The domed main chamber holds, most obviously, the main Buddha statue, situated just off center towards the back of the chamber. Directly behind this statue is a wall carving of Kwanum (Kwanseum) Boddhisattva. To either side of the pillars there are two more boddhisattva figures, while the remainder of the circular rotunda wall holds carvings of the ten main disciples of Buddha, five on the northern wall and five on the southern. Finally, above all this, at eye level for the main statue, are ten small niches, eight of which contain carved figurines.

 

Main Buddha statue

Carved from a single piece of rock, the main Buddha statue of Sokkuram is seated cross-legged upon a lotus design pedestal, which in turn is perched atop a solid octagonal base with pillars at the angles. The height of the Buddha itself, exclusive of the base, is 3.4 meters. The face of the figure is smooth and round, with eyes closed, the clothing is depicted draping gently through shallowly incised lines, the left hand lies in the lap while the right hand rests on the leg, reaching down towards the ground. At the center of the forehead is a space for a jewel or crystal to be placed.
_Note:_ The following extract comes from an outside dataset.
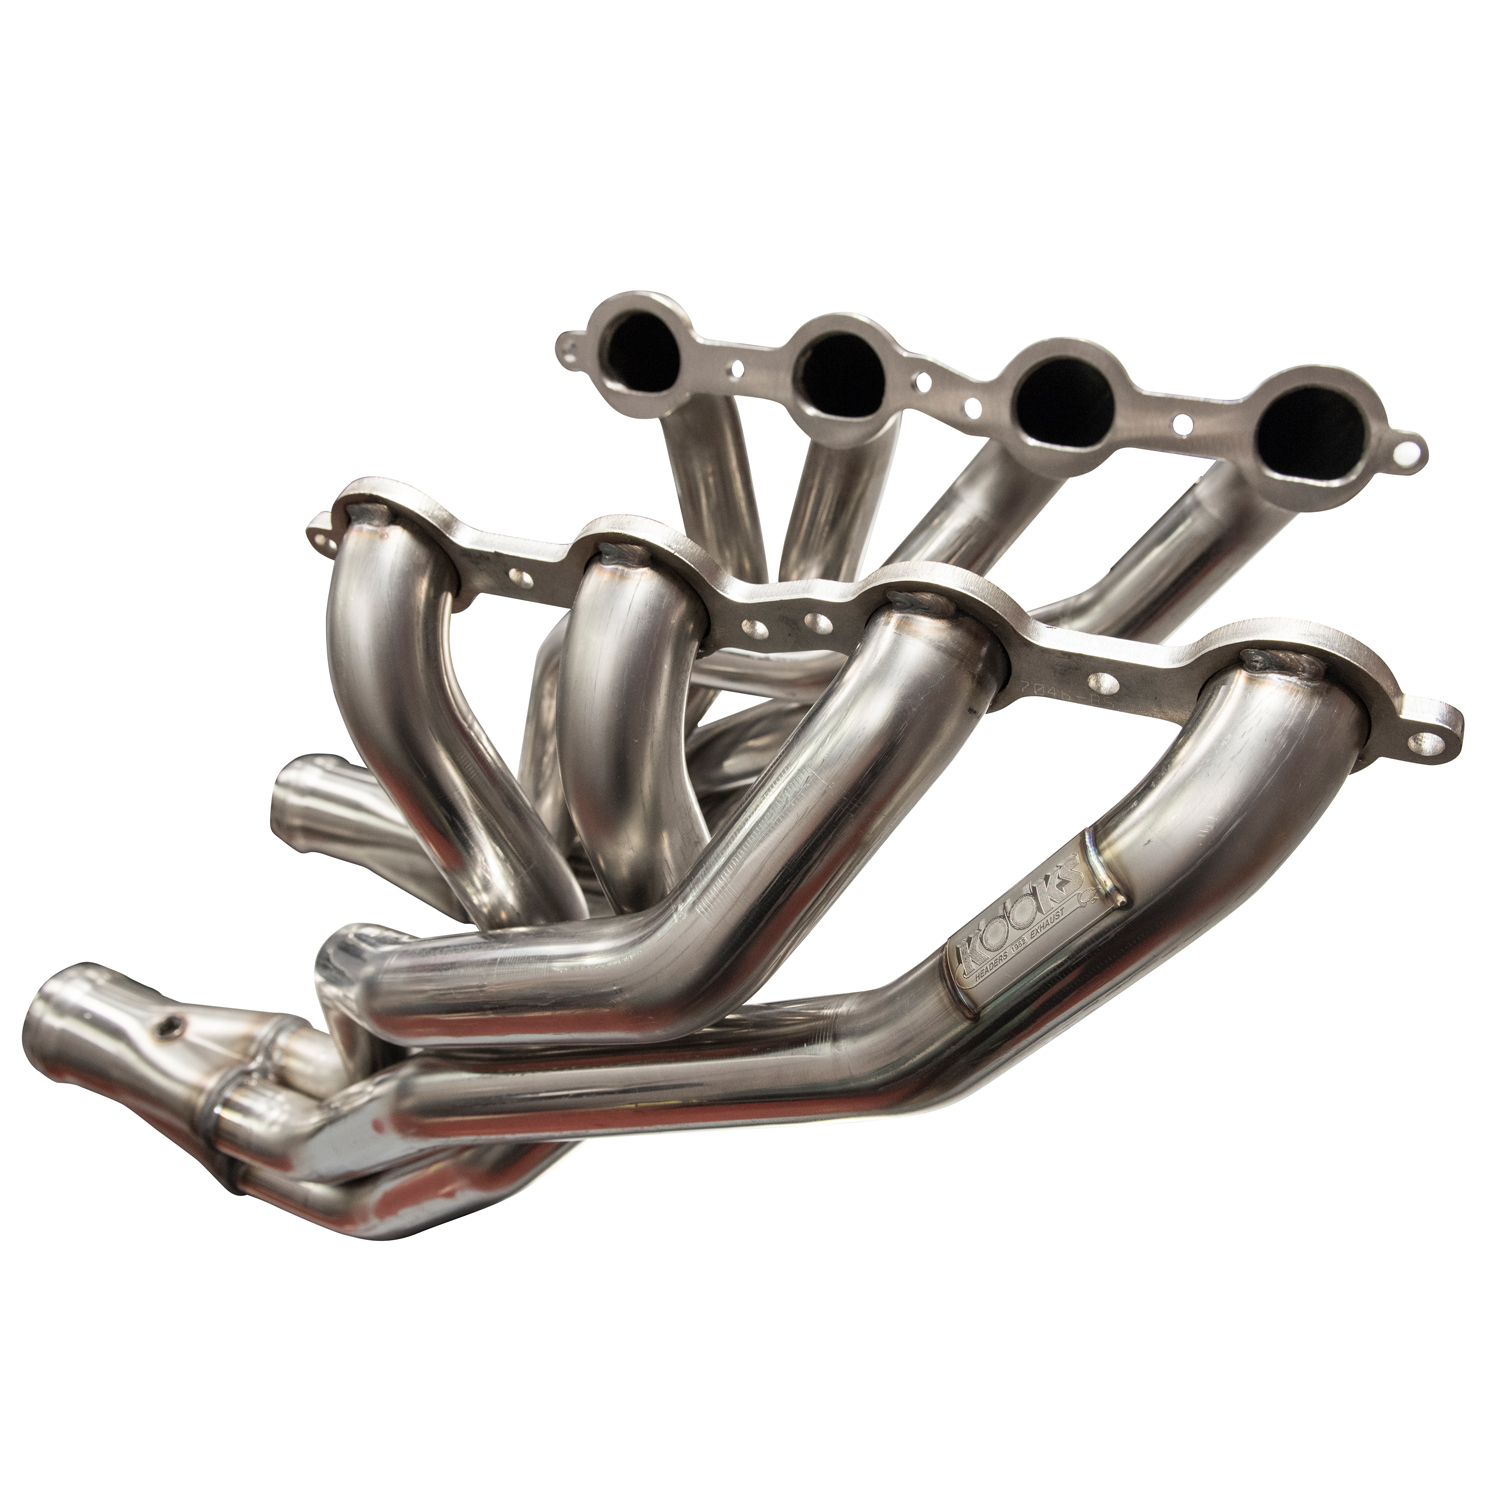 Stainless Steel Headers 2 x 3" Long Tube w/Torca Tight Connections And O2 Extensions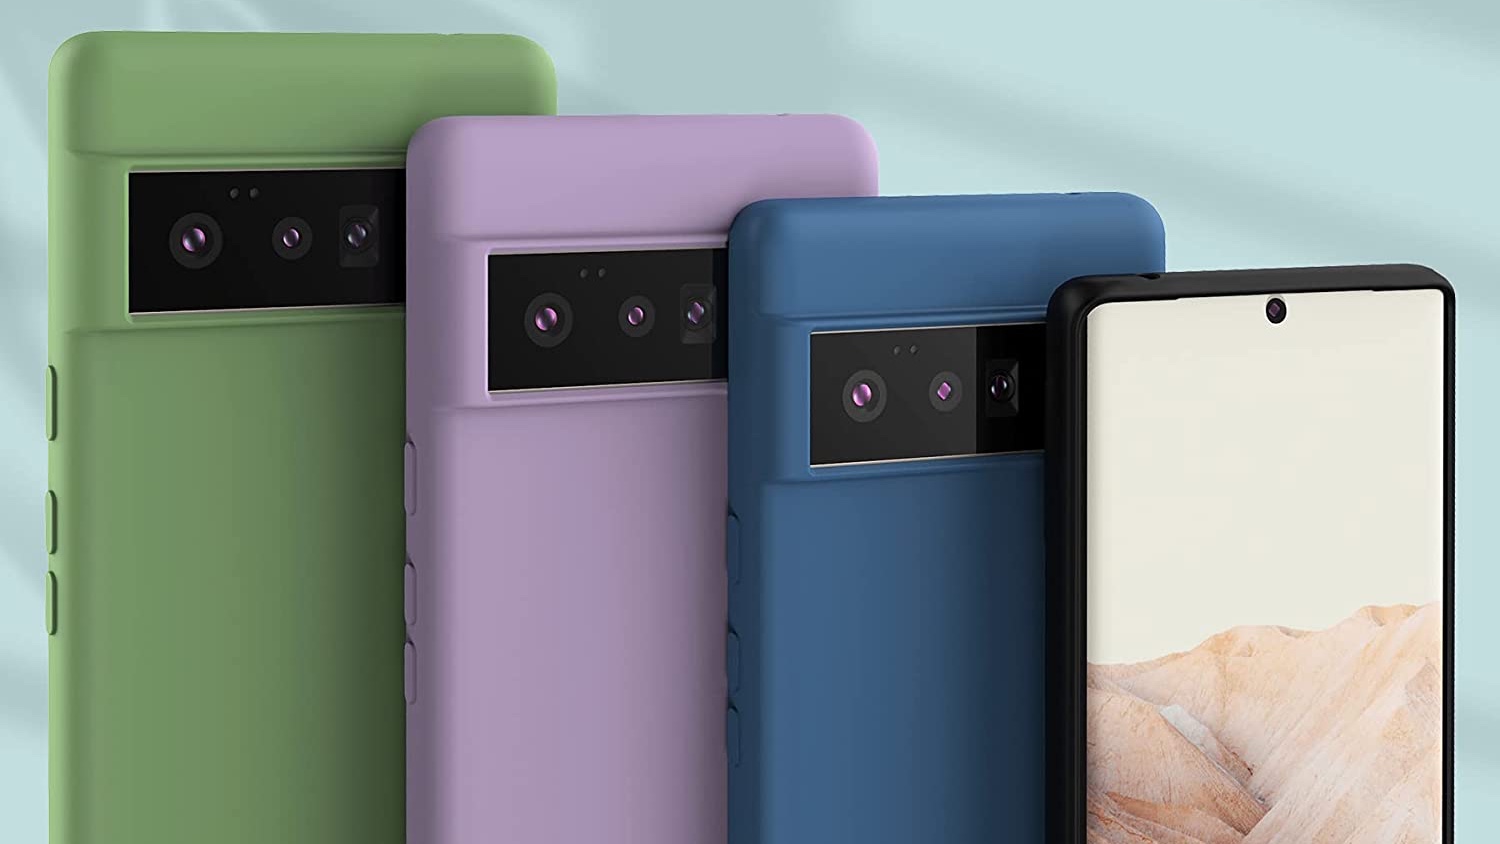 Feitenn Silicone Case for Pixel 6 Pro has colorful options

The identity of the main Buddha at Sokkuram has been the object of a good deal of academic debate. Japanese archaeologists called the figure a Sakyamuni Buddha, and for a while the label stuck, but it was eventually called into question after it became clear that they had not adequately appreciated the differences between the Korean and Japanese icongraphical traditions. In the 1960s, based on textual sources and the line of sight from the statue east towards the underwater tomb of King Munmu, a theory was advanced that the figure was acutally an Amit'a Buddha, the Buddha of the Western Paradise. Based upon the attendant boddhisattvas present in the chamber and the importance of Hwaom thought at Bulguksa generally, still other scholars have contended that the figure depicts Pirojana Buddha. Now, based on Chinese sources, the pendulum seems to be swinging back towards the Sakyamuni theory. In any case, the issue is far from decided.